TO DO: Print the records below word for word, but leave out the pictures.

--

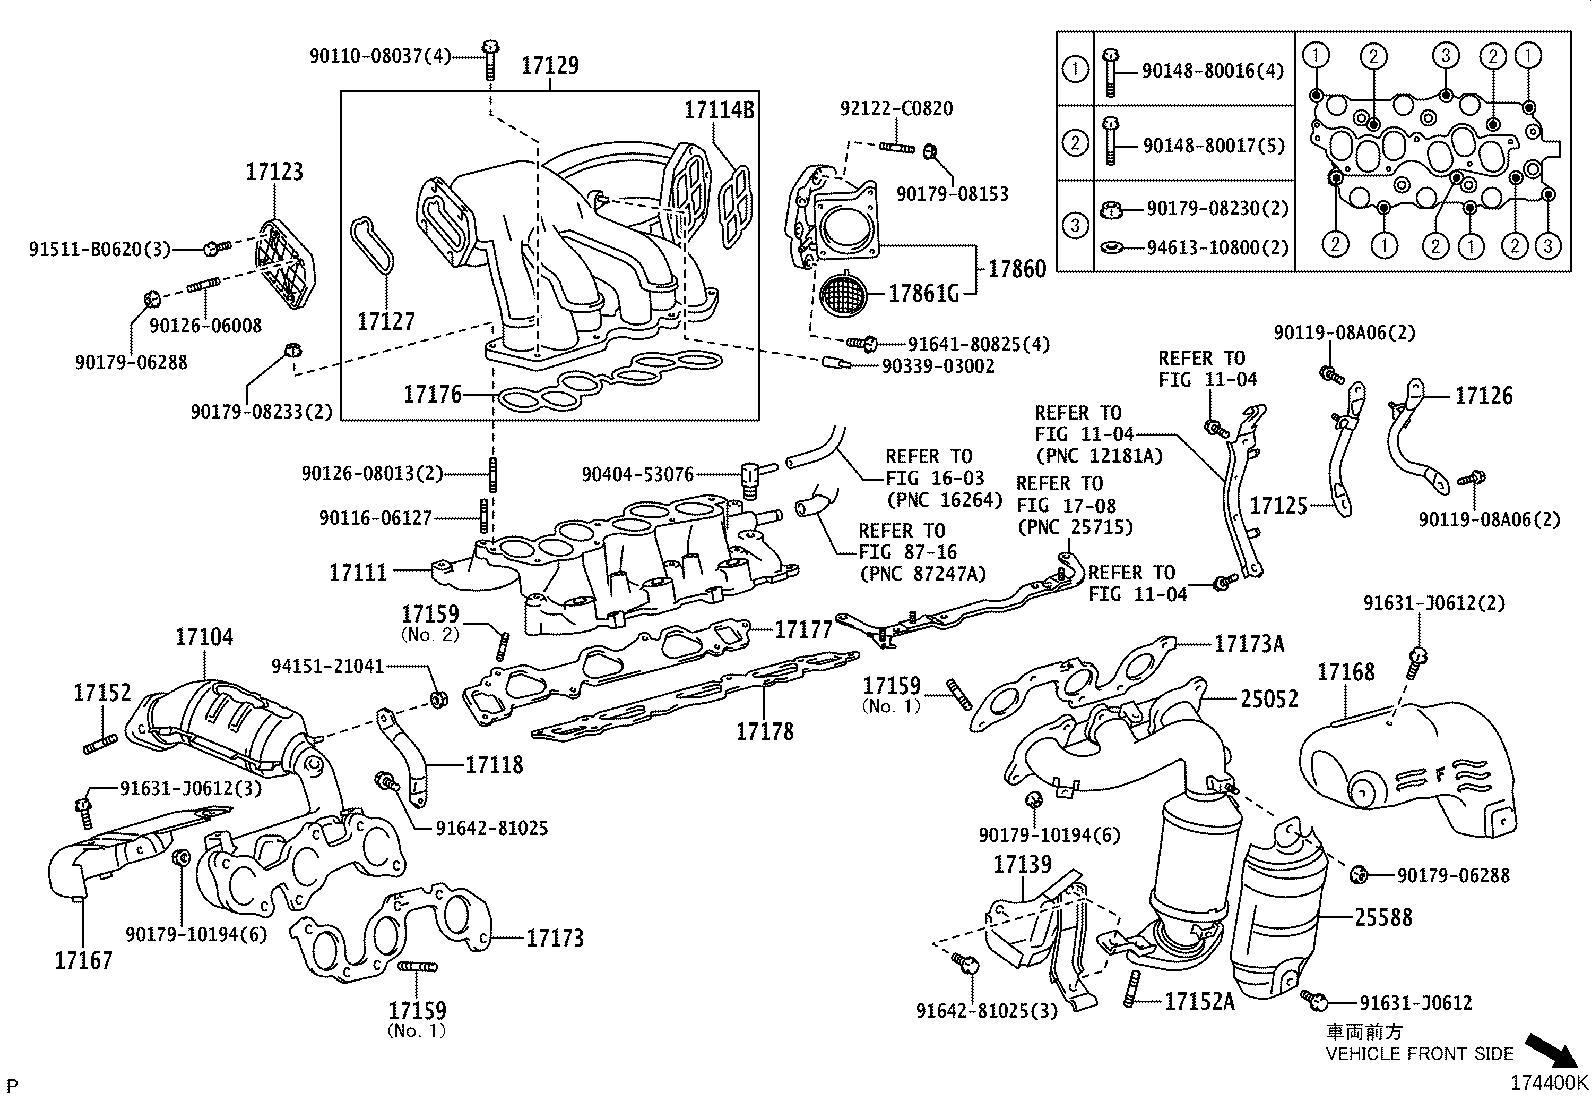 2008 Lexus Gasket, intake manifold to head, no. 1. Spec
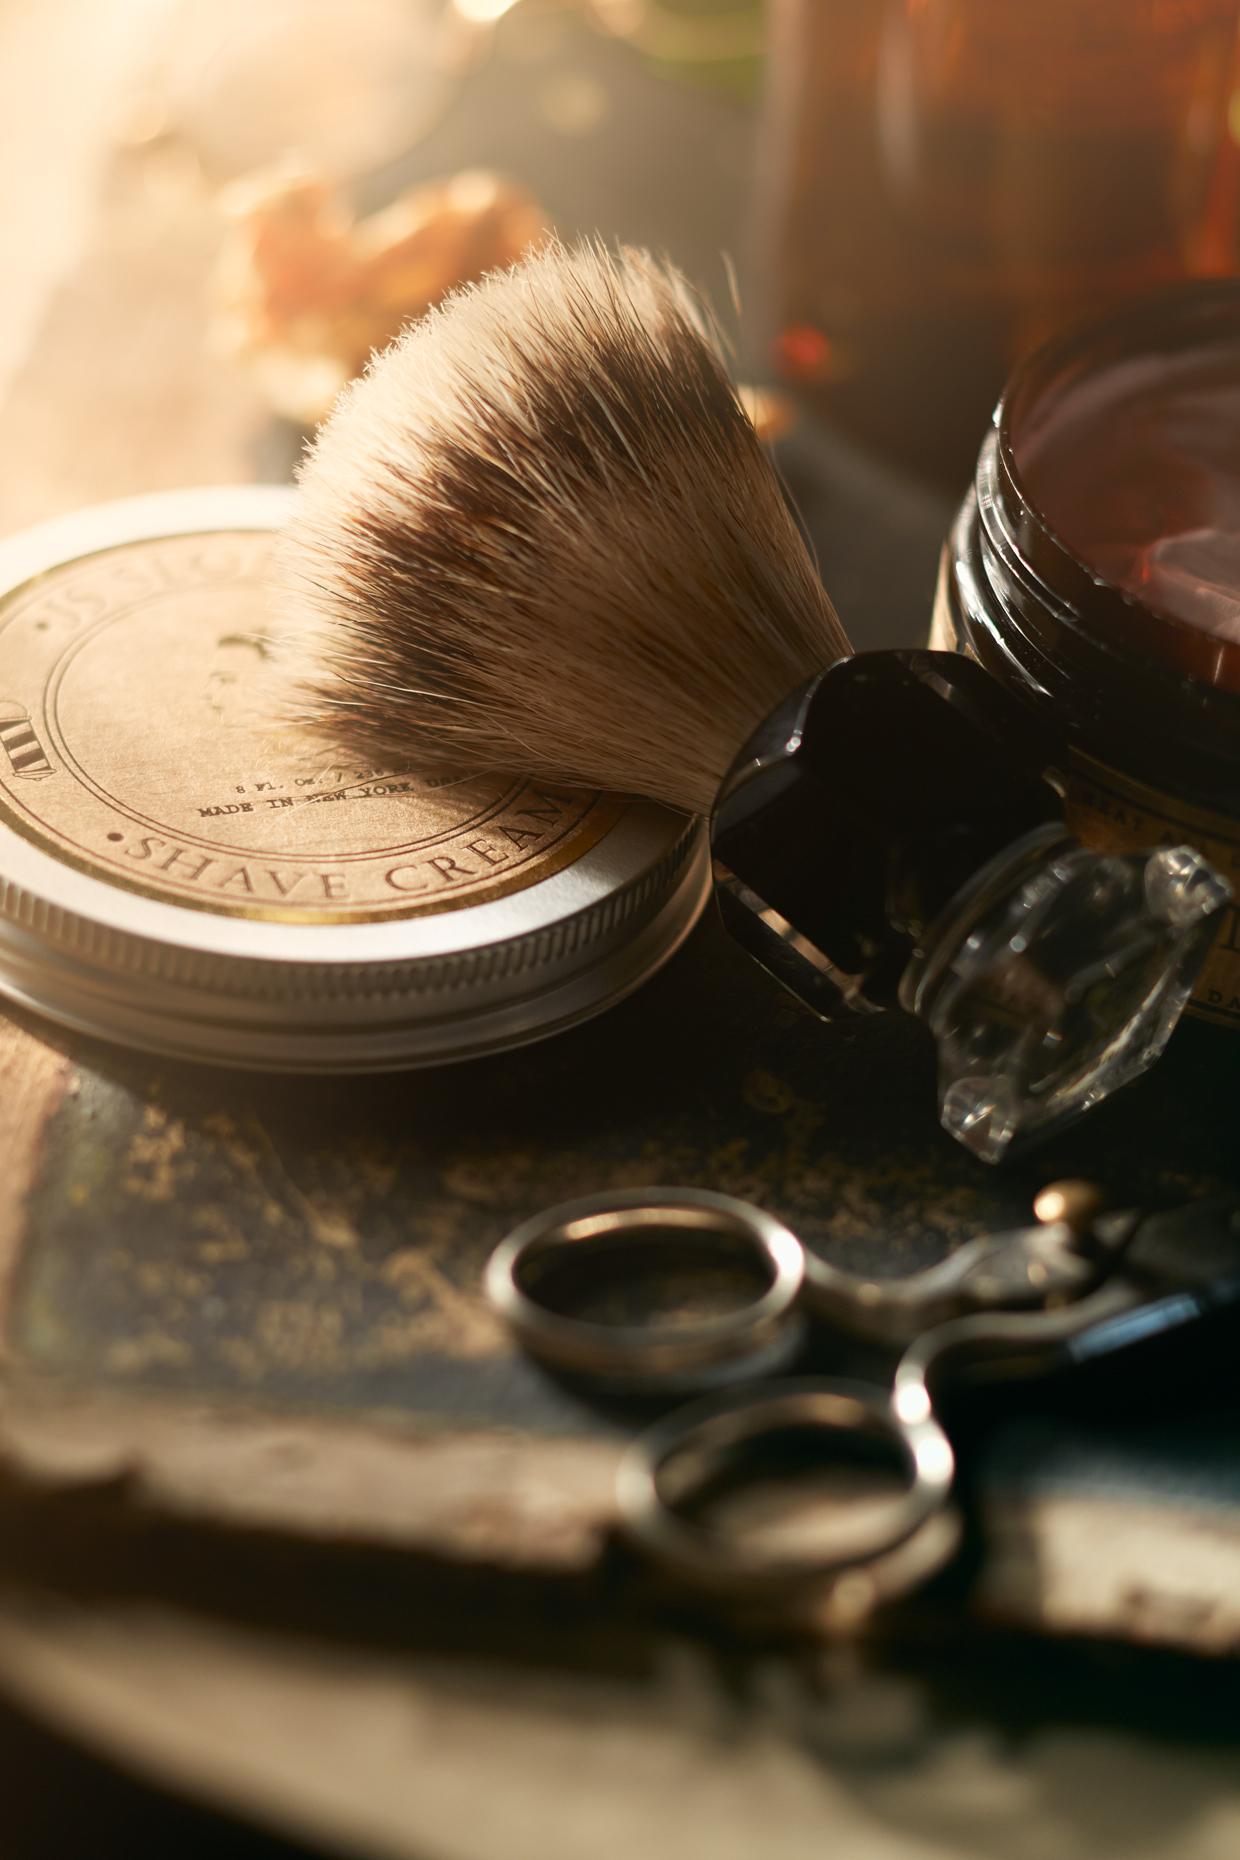 Product Photography Still Life Derek Israelsen 001 Shaving Cream Top
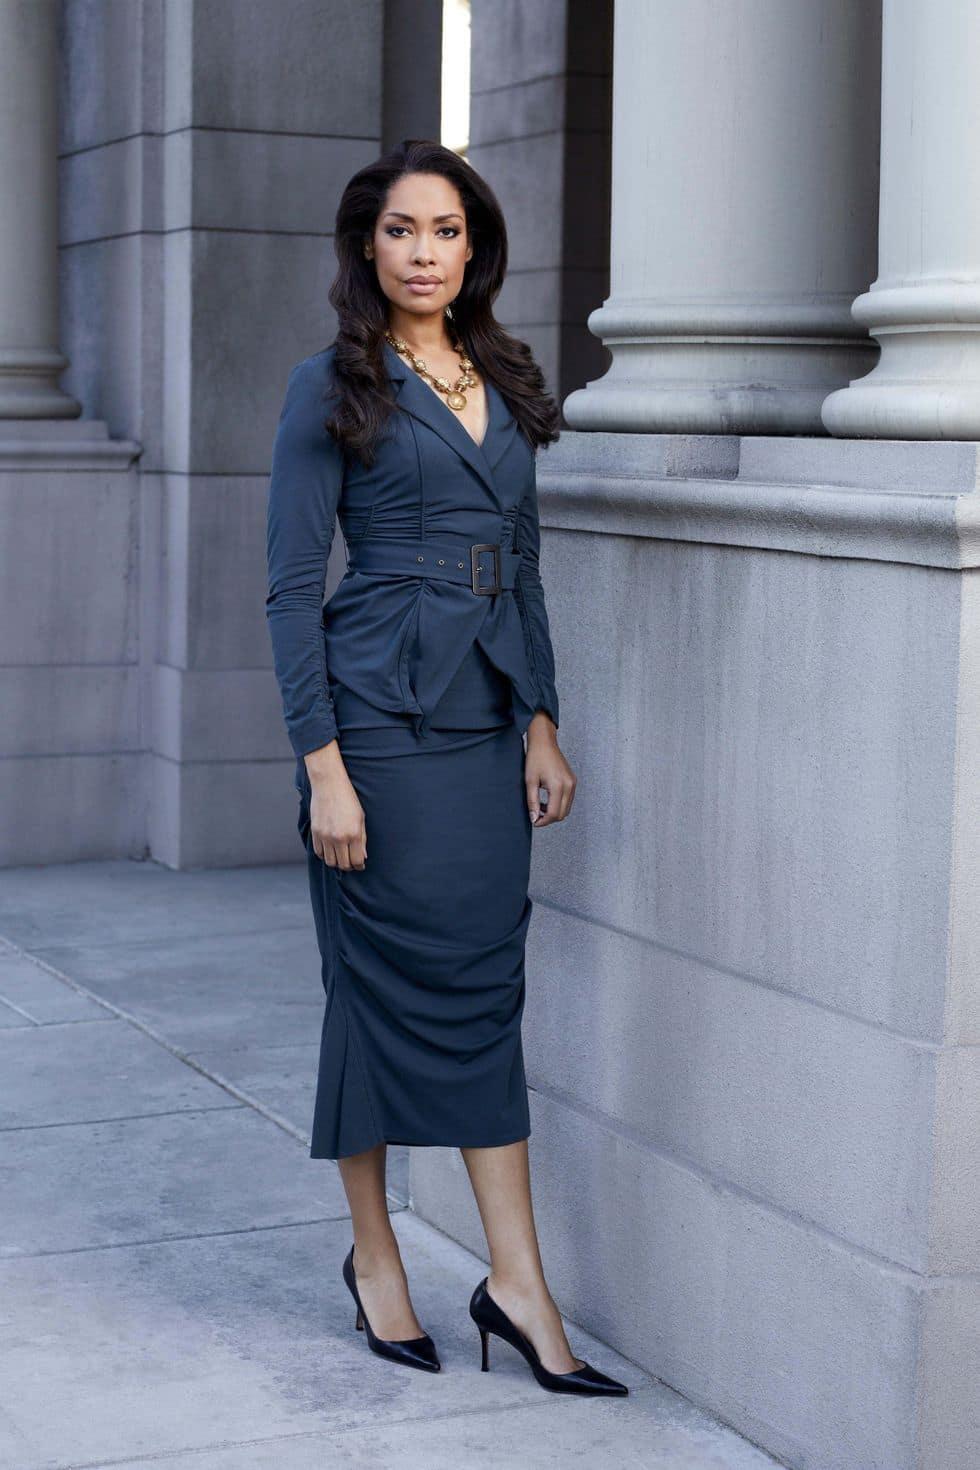 Gina Torres – Suits
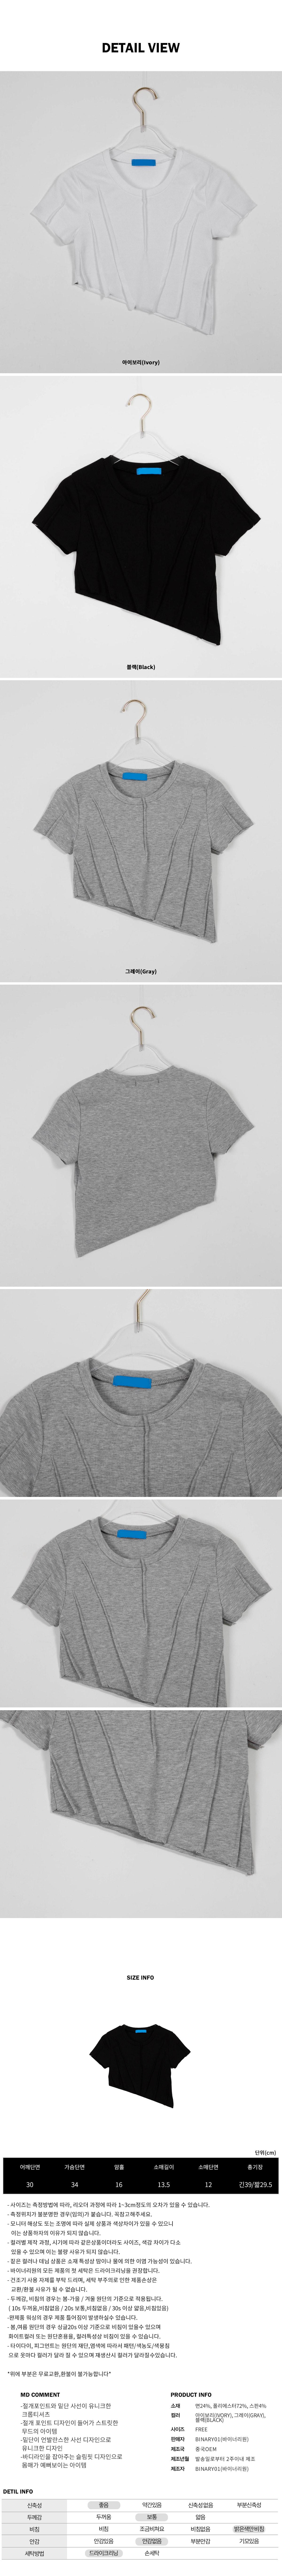 Unbald Creed Crop T-shirt
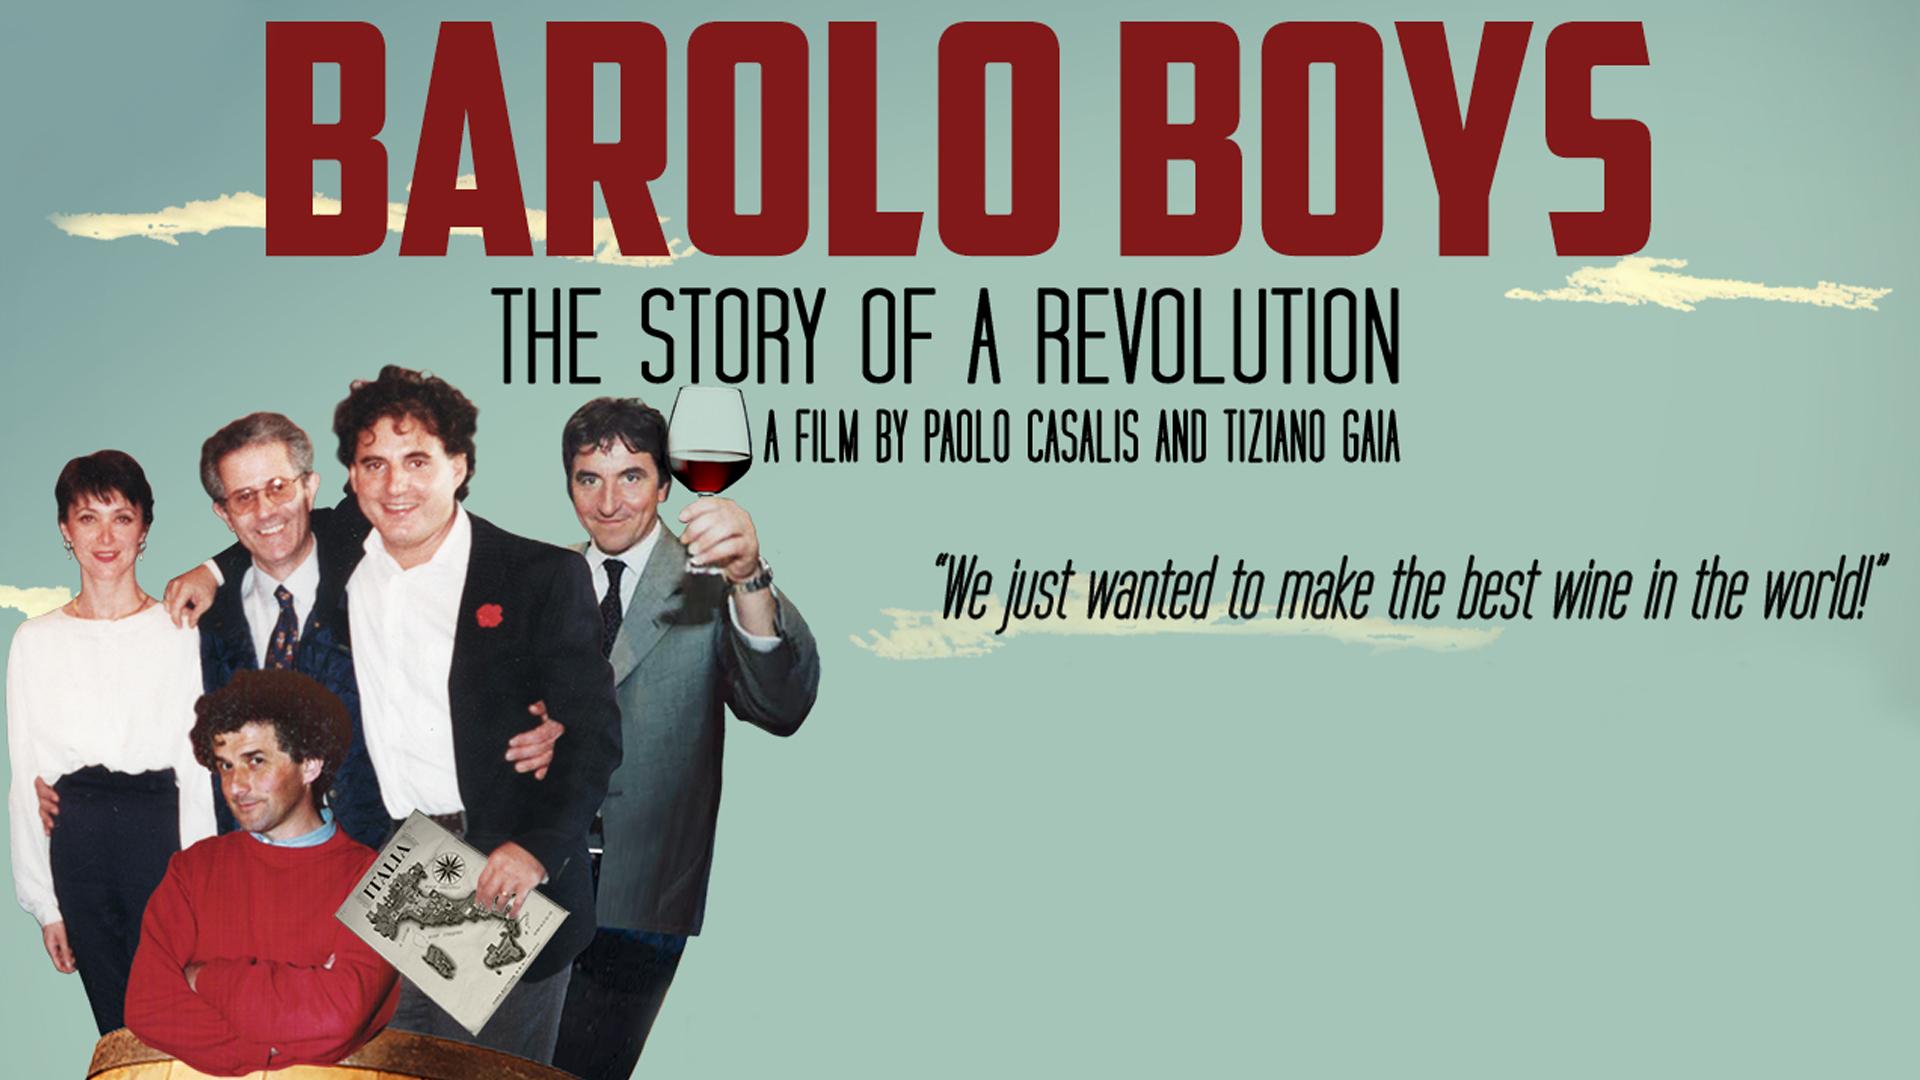 Barolo Boys. The Story of a Revolution

--

ANSWER SECTION:
 2008 Lexus Gasket, intake manifold to head, no. 1. Spec
 Product Photography Still Life Derek Israelsen 001 Shaving Cream Top
 Gina Torres – Suits
 Unbald Creed Crop T-shirt
 Barolo Boys. The Story of a Revolution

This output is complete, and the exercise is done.